(Action item):
Only one stretch of the material below is wanted: everything from the line containing "Sportful presenta el" down to the line containing "Nearest transport service", both ends included. Repeat it exactly and skip the pictures.

(Task material):
——
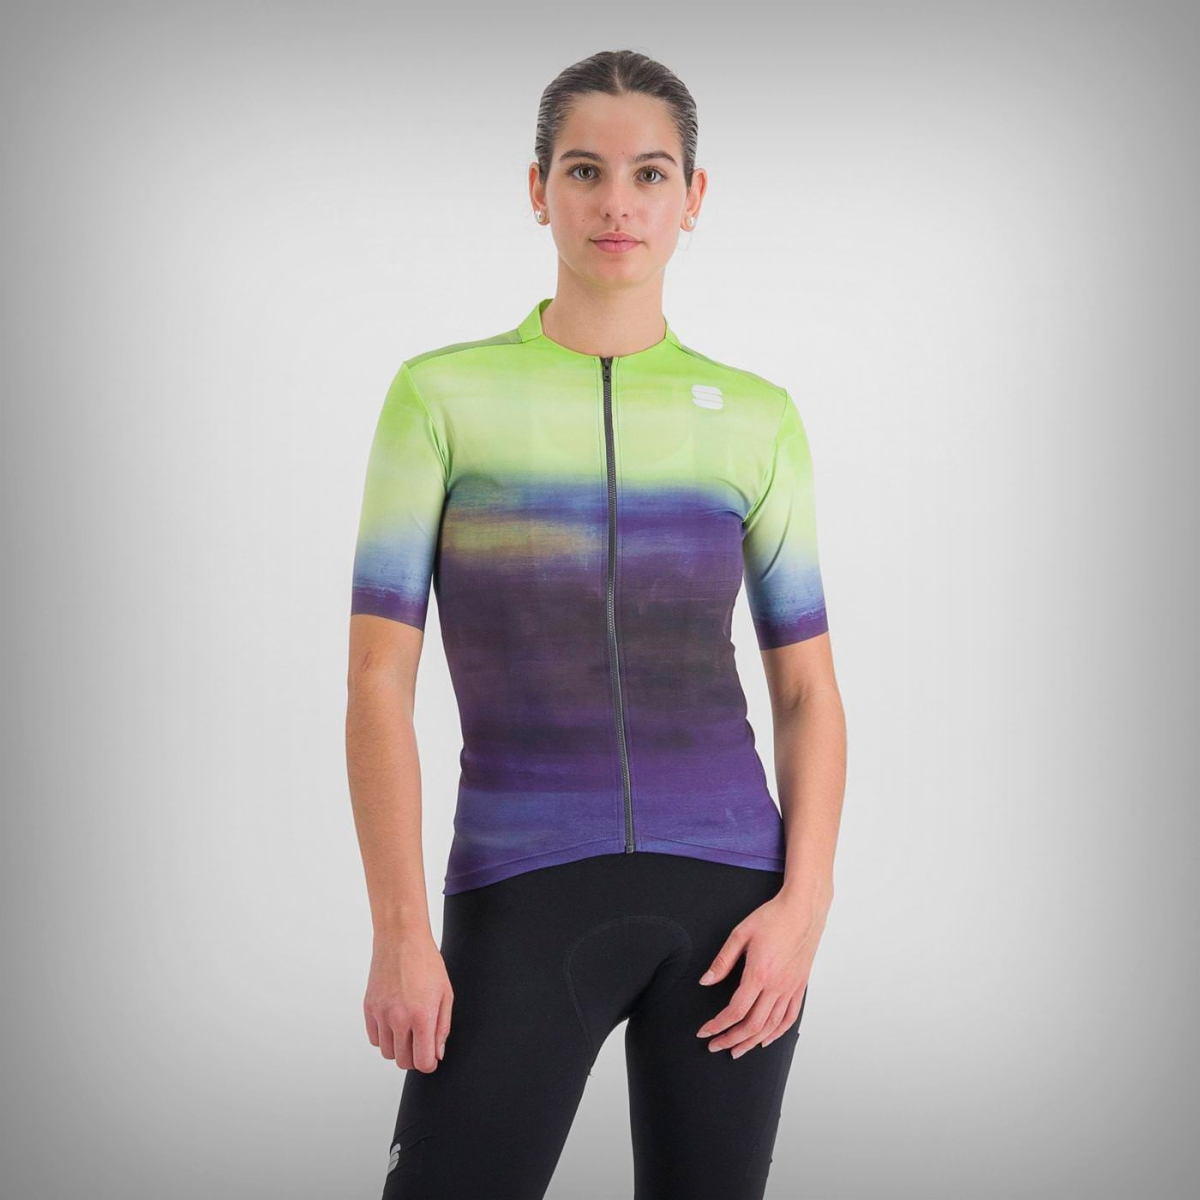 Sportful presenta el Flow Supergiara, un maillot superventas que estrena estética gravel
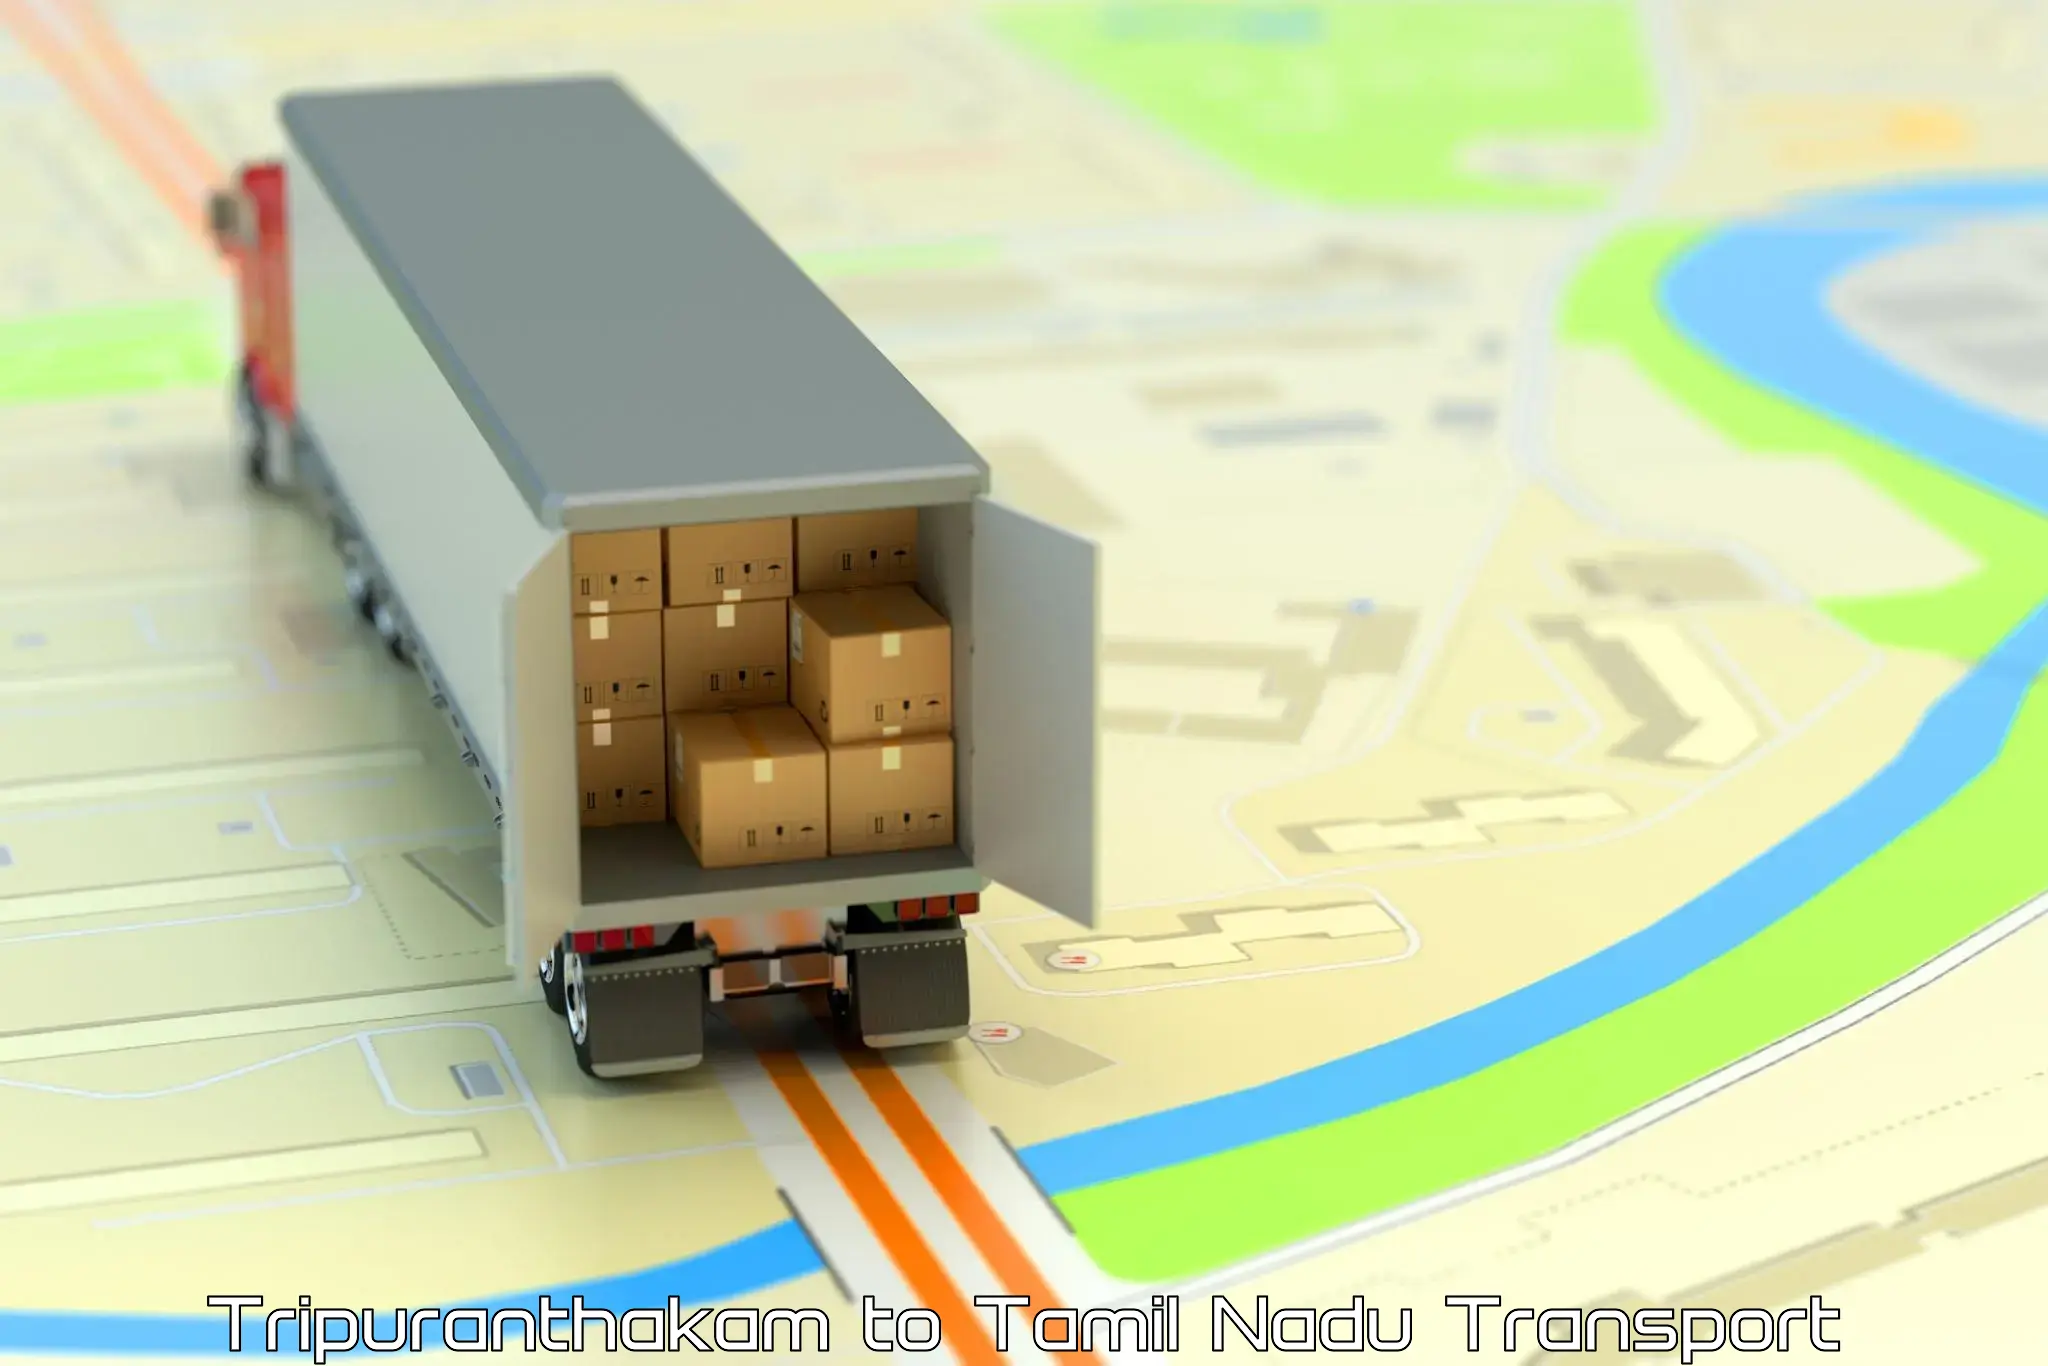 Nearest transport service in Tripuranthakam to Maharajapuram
——
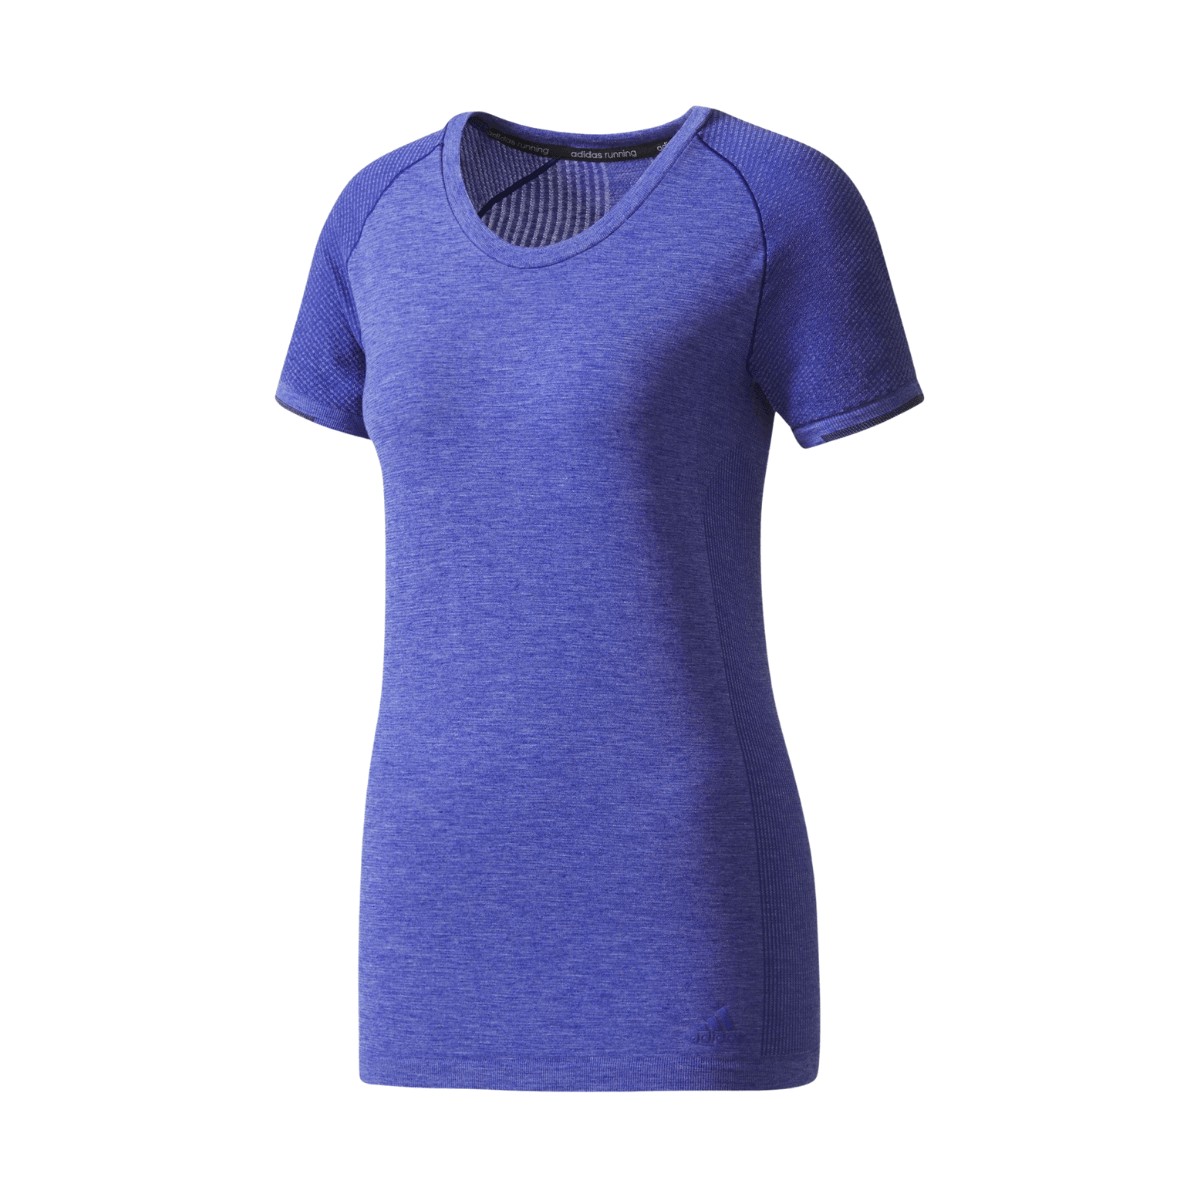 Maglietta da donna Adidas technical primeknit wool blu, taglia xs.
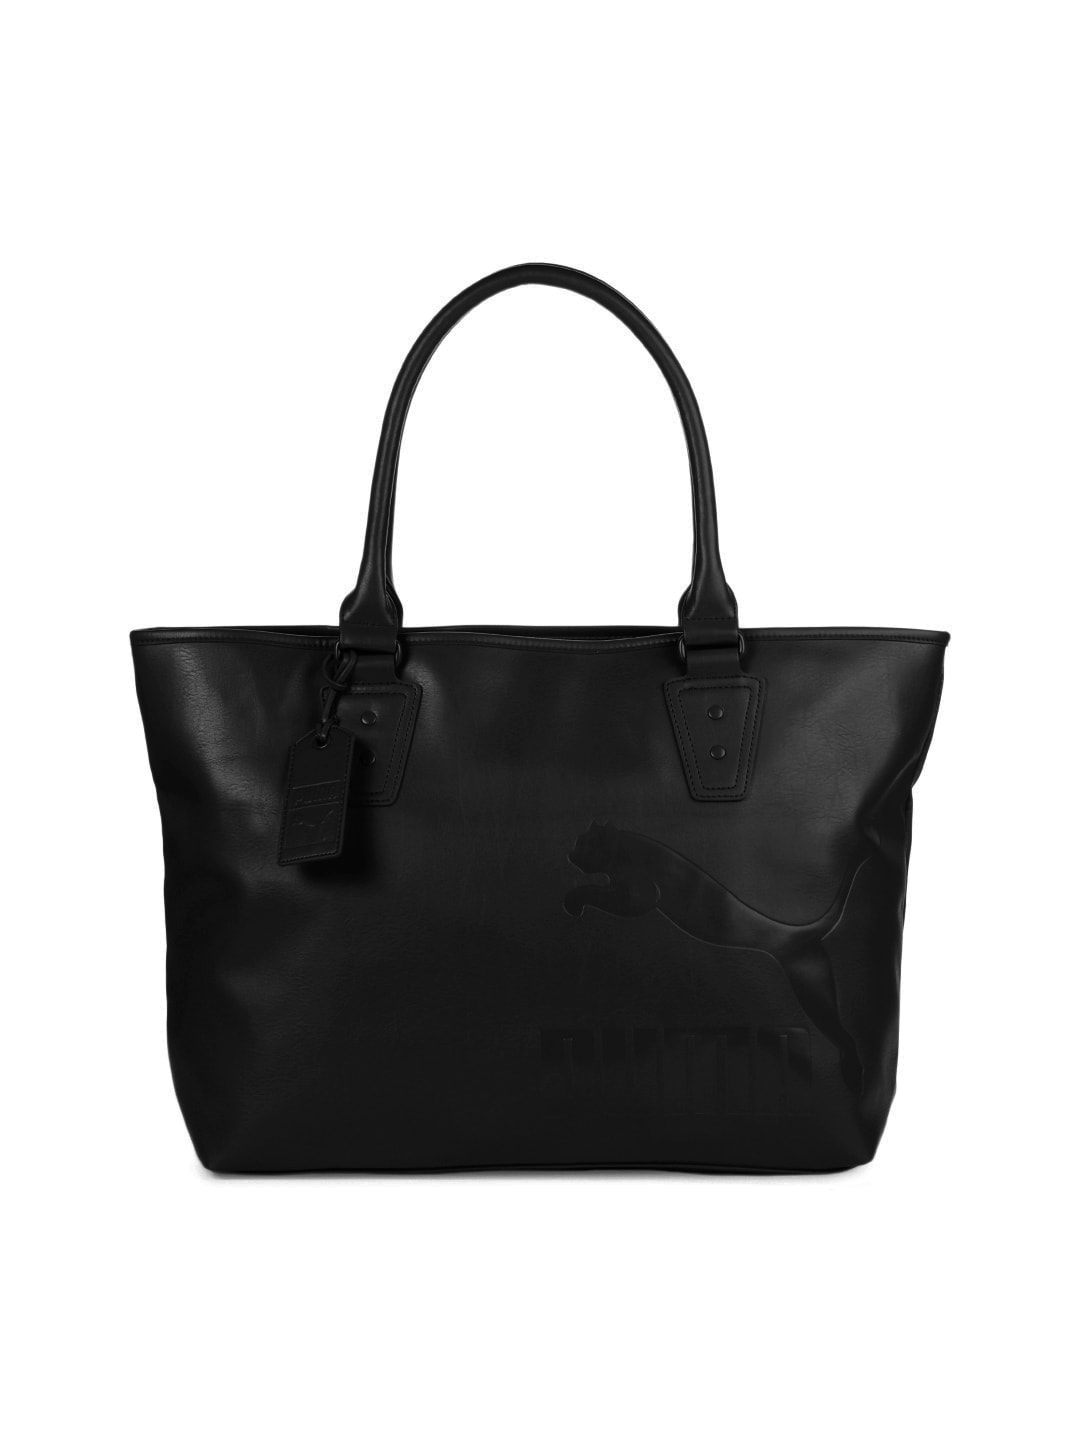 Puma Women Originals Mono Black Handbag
——
(Exercise response):
 Sportful presenta el Flow Supergiara, un maillot superventas que estrena estética gravel
 Nearest transport service in Tripuranthakam to Maharajapuram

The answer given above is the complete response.